Installing Dimagic from Source
Requires: src.zip, a recent Rust installation (1.84 and higher should work), CMake 3.26 or newer, a C/C++ compiler supporting C++20
Note that we tested this on an x86_64 Linux system only. macOS should work similarly (but there is no support for the original MINCE tool), Windows is unsupported (there is no PMC build available).
First, build and install KaHyPar as described on GitHub (currently, that is steps 1-3 in the section “Building KaHyPar” plus the install command for using the C-style interface). Additionally or alternatively, you can also use Mt-KaHyPar as the hypergraph cutter in ReMINCE. However, preliminary experiments indicated that KaHyPar yields better results than Mt-KaHyPar. (Note that when trying to run dimagic on macOS, it might be necessary to set DYLD_LIBRARY_PATH=/usr/local/lib.)
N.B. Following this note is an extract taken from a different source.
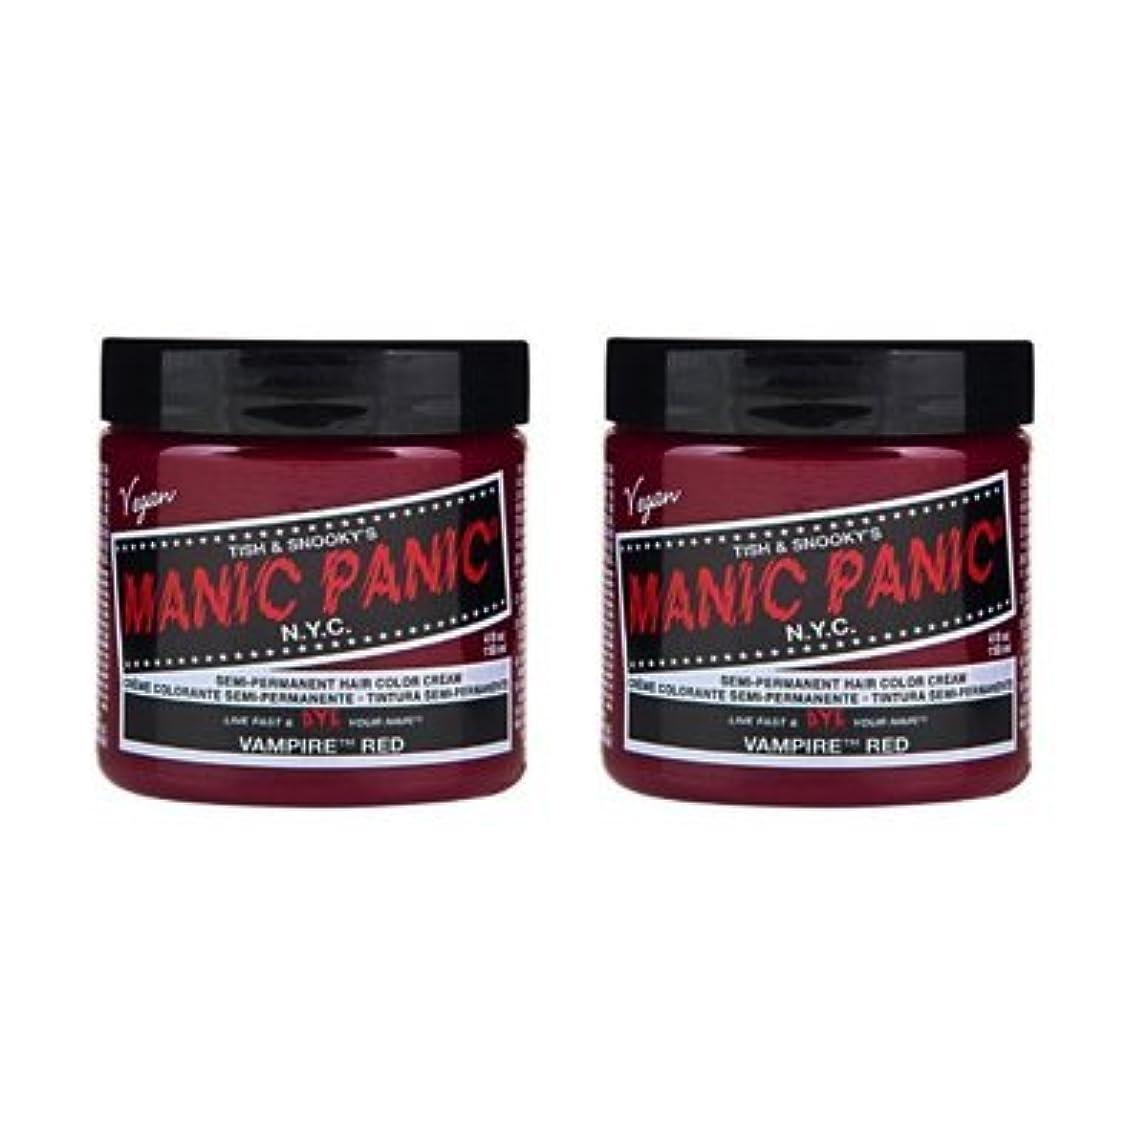 昨日ギャラントリーマイクロプロセッサ【2個セット】MANIC PANIC マニックパニック Vampire Red (ヴァンパイア?レッド) 118ml

With src.zip unpacked in the current working directory, run:
cargo install --path dimagic
If you want to enable support for Mt-KaHyPar, append --features mt_kahypar to the command line. If you do not want KaHyPar support, you can use --no-default-features.
When running Dimagic with the --pmc option, it will look for the pmc executable in your path. Download pmc (Linux, macOS) and either move it to some location in your path (run echo $PATH to list the respective directories) or place it in some directory and add that directory to your path via export PATH="/path/to/your/pmc/dir:$PATH". Note that the latter is not persistent; for every new shell you will need to run export PATH="/path/to/your/pmc/dir:$PATH" again. Also note that the downloaded file will probably be called pmc_linux or pmc_mac. You must rename it to pmc. Make the binary executable by running chmod +x /path/to/pmc.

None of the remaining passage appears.